# Gloster plane factory



## Mikeymutt (Feb 9, 2016)

Thanks to mookster for his help on this one.this was the last visit of the day just before the meet up.it was a lovely couple of hours solo exploring this place.steeped in history even though it is just an empty shell.the light was low when I arrived which meant there was some fantastic light.the site based at Bentham opened in 1917 and shut in 1963.it was used not to build the planes but to build prototypes and test them.the first jet engine was tested and built here.the site has been used by several companies since.but now lays mainly unused.there are six buildings on site..two hangars.the main hangar,a live building which had lights on.another building next to that which was in a real state.then the admin building which showed signs of a fire.i knew there was some serious stuff went on here when I went in one hangar and it had "warning radiation" on the wall.


----------



## Sam Haltin (Feb 9, 2016)

Nicely done. And good photographs.


----------



## HughieD (Feb 9, 2016)

Although this place is empty I love the sense of space that you capture on your excellent pictures....


----------



## Conrad (Feb 9, 2016)

Well captured as always


----------



## tazong (Feb 10, 2016)

Fantastic fella - great explore - i would eat a meat pie to go there - i am a veggie


----------



## krela (Feb 10, 2016)

Really great photos Mikey, thanks.


----------



## smiler (Feb 10, 2016)

Proper Job Mikey, Thanks


----------



## tumble112 (Feb 10, 2016)

This is quite a place, such a story to tell. Well captured as ever.


----------



## fluffy5518 (Feb 10, 2016)

Loving it !! Superb photography as always !!


----------



## Jon6D (Feb 10, 2016)

Cracking post and great photos, thanks


----------



## flyboys90 (Feb 10, 2016)

If only the walls could talk!!Stunning images Mikey.


----------



## Rubex (Feb 10, 2016)

Oh why did I have to be busy that weekend?  I missed loads. Lovely photos Mikeymutt


----------



## UrbanX (Feb 15, 2016)

What a place! Beautifully documented too! 
Thanks for sharing


----------



## Dirus_Strictus (Feb 15, 2016)

Quote knew there was some serious stuff went on here when I went in one hangar and it had "warning radiation" on the wall.Quote

Nothing very sinister - just a few cylindrical containers containing a radio active isotope. In the days before the modern ultrasonic methods of crack detecting, all welds were X-rayed and the results captured on a photographic plate. A very common sight in a manufacturers premises where welding was super critical. There were one or two quite serious incidents where the isotope containers ended up as unlicensed scrap - fortunately they were traced before being cut up / opened by the curious!

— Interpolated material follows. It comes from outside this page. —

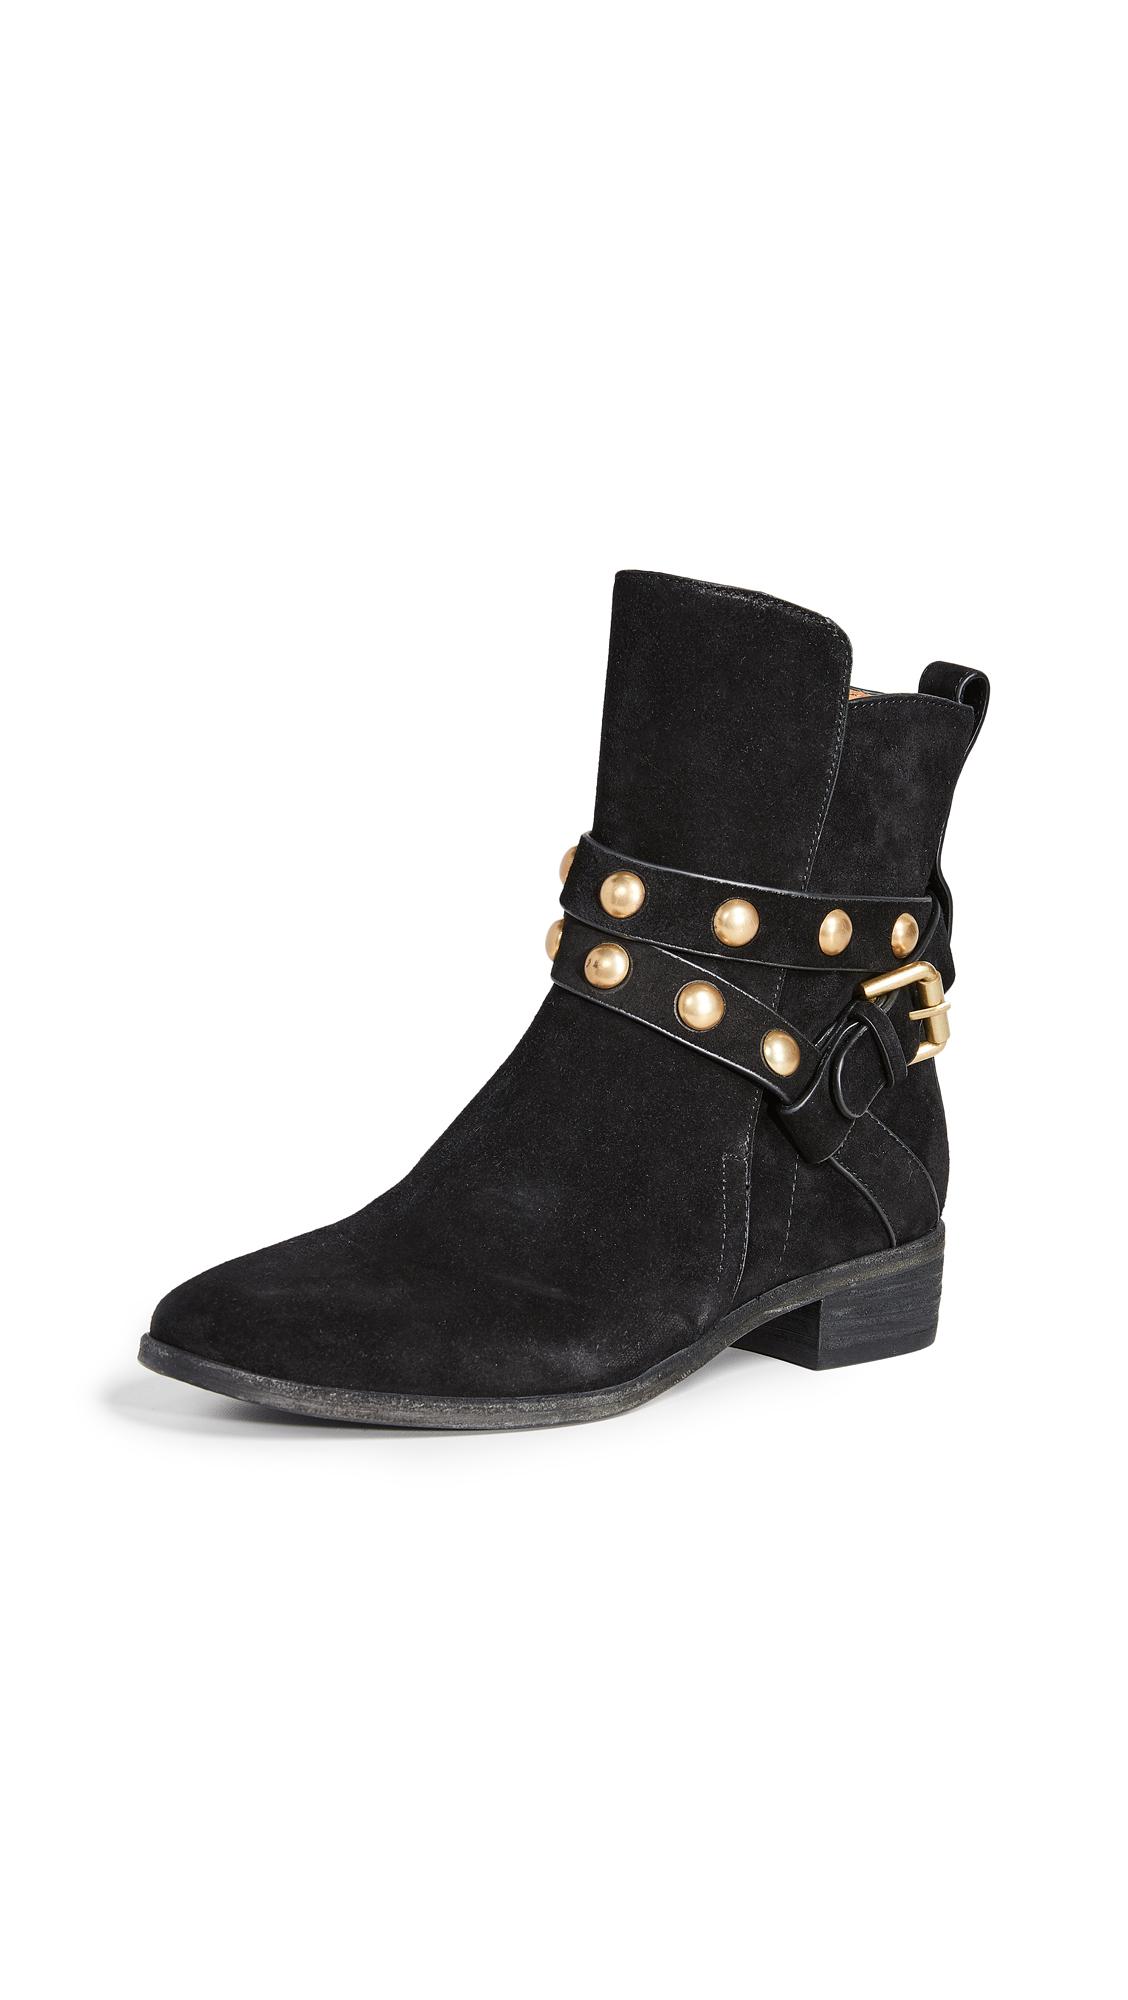 Janis Low Heel Booties, Nero

A very good set of images here.


----------



## Doodle (Mar 9, 2016)

Nice pics, I assume 'Gloster' is a code name..?


----------



## krela (Mar 9, 2016)

Ummmm no, really not a code name. 

Gloster Aircraft Company - Wikipedia, the free encyclopedia

Sent from my SM-G925F using Tapatalk


----------



## Dawny (Mar 9, 2016)

Stunning photos, just beautiful.


----------



## theartist (Mar 9, 2016)

not a zit that relates to its original porpois. shame


----------



## Doodle (Mar 9, 2016)

My bad. Great photos as always though


----------



## scottyg100 (Apr 8, 2016)

Spectacular photos thanks


----------



## Lone Wanderer (Apr 9, 2016)

Fabulous photos!! Thanks for sharing


----------